UCB’s Late-Breaking Four-Year Efficacy and Safety of Plaque Psoriasis Therapy
UCB announces results of a four-year look into the efficacy and safety of BIMZELX (bimekizumab-bkzx) for adults with moderate-to-severe plaque psoriasis.
“Analysis shows that through four years of bimekizumab treatment, over six out of ten patients achieved and maintained complete skin clearance, a clinically meaningful endpoint and outcome for patients. These long-term data will be highly welcomed by the dermatology community since they provide important considerations for clinical practice,” said Bruce Strober, MD, PhD, clinical professor of dermatology at Yale University, and Central Connecticut Dermatology.
Johnson & Johnson’s Data on Oral Peptide to Block IL-23 Receptor
Johnson & Johnson presented data evaluating JNJ-2113, an investigational targeted oral peptide designed to block the IL-23 receptor in people with moderate-to-severe plaque psoriasis.
“Data from the FRONTIER 2 study showed that the skin clearance as seen by PASI 75 and higher-bar PASI 90 and 100 responses at 16 weeks was maintained at 52 weeks with no new safety signals across all JNJ-2113 treatment groups,” said Laura Ferris, MD, PhD, professor of dermatology, University of Pittsburgh. “These findings suggest the potential for JNJ-2113 to continue delivering clinically meaningful results, and addresses the high unmet need for a novel, durable, and convenient oral therapeutic option for people living with moderate-to-severe plaque psoriasis.”
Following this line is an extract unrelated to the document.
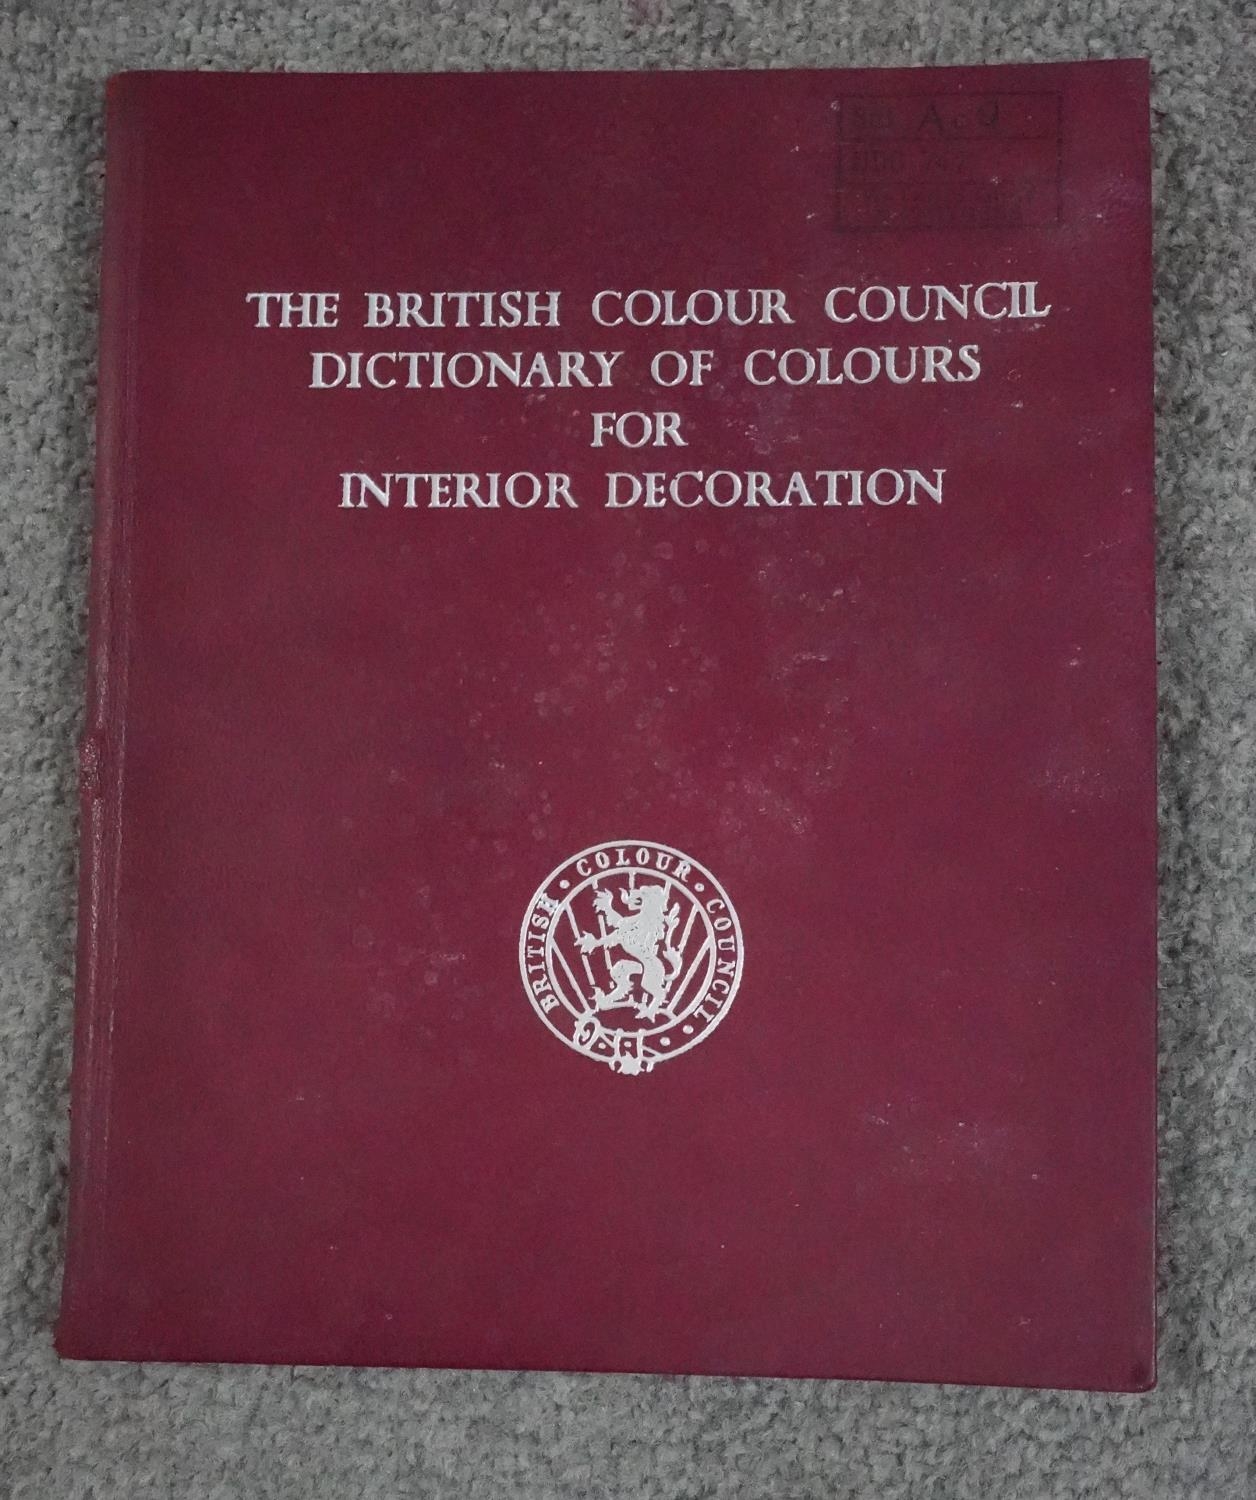 The British Colour Council Dictionary of Colours for Interior Decoration. Edition 2943, London. - Image 2 of 10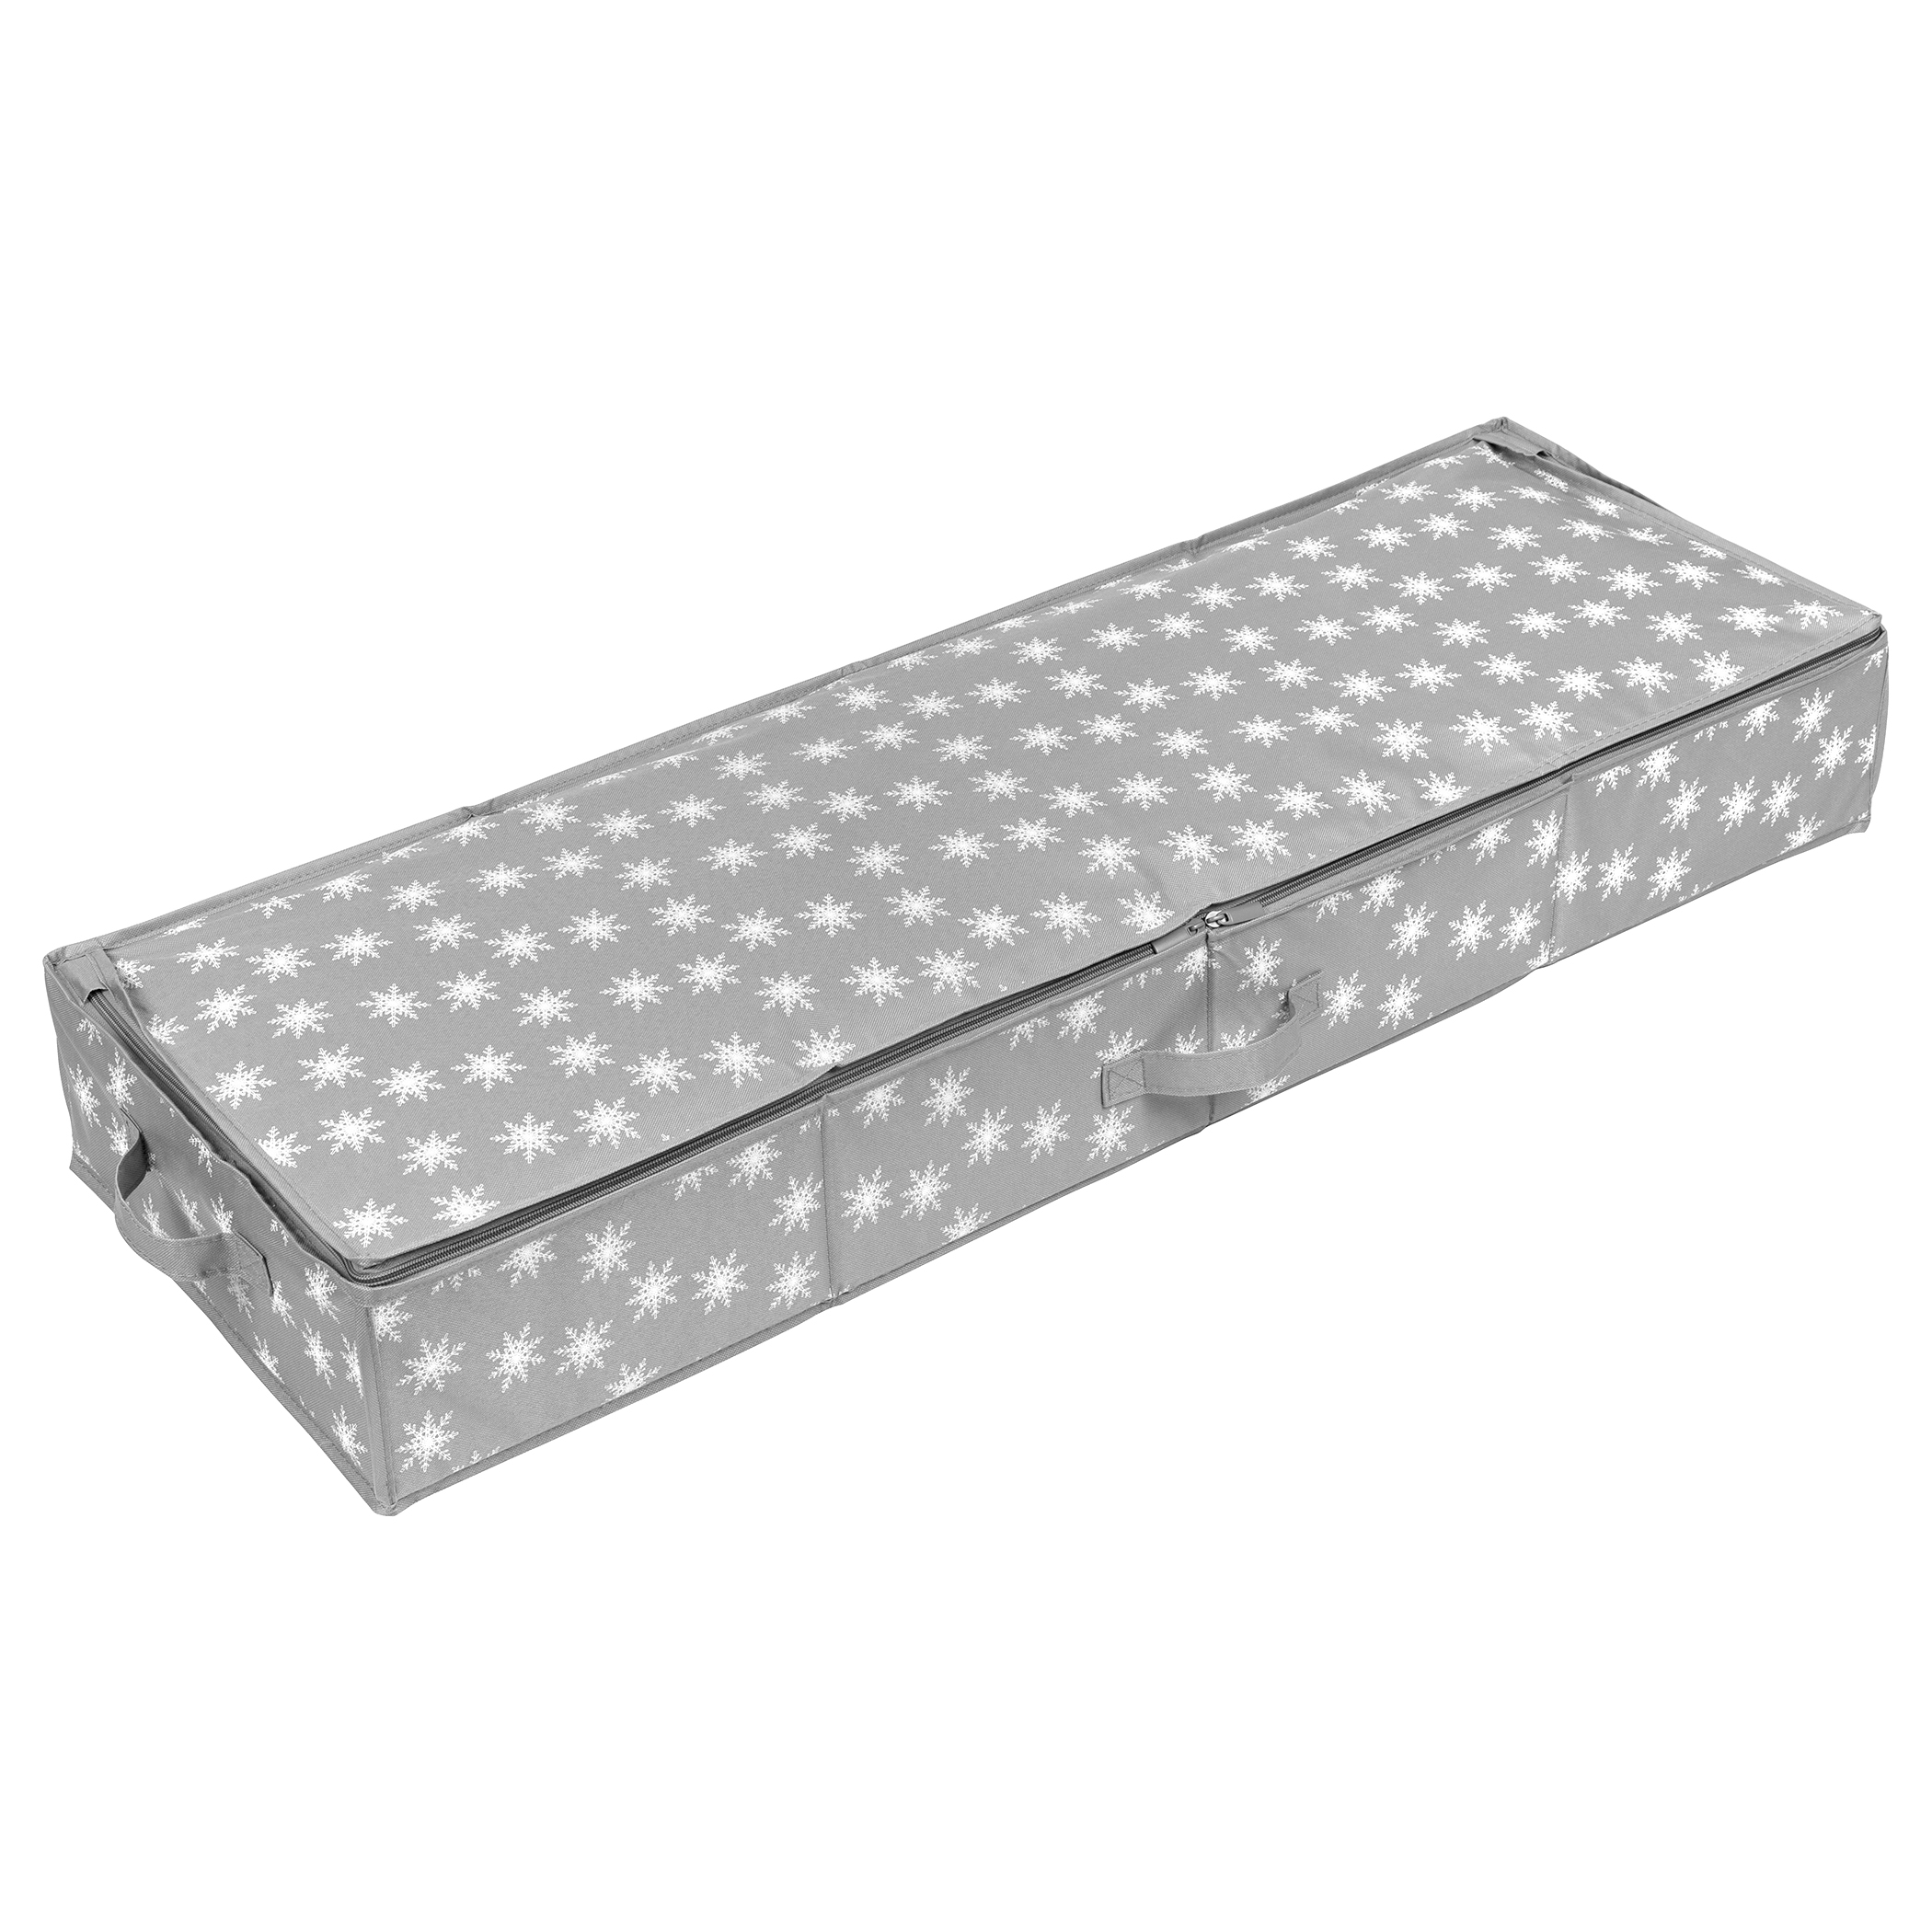 Hold N' Storage Christmas Storage Wrapping Paper Organizer  and Under Bed Storage Container  600D Material - image 5 of 8

Burt’s Bees’ Posters on Benefits of Nature-Based Products
Burt’s Bees presented three posters on the benefits of nature-based products in improving skin barrier function and hydration, and supporting the skin microbiome in people with atopic dermatitis and rosacea.
Stanley Levy, MD, a board-certified dermatologist in Chapel Hill, N.C., and study consultant, said, “This research demonstrates that a topical nature-based gel cream containing inulin, an effective prebiotic, can assist in supporting a balanced microbiome in patients with mild to moderate acne and replenish moisture content without provoking breakouts.”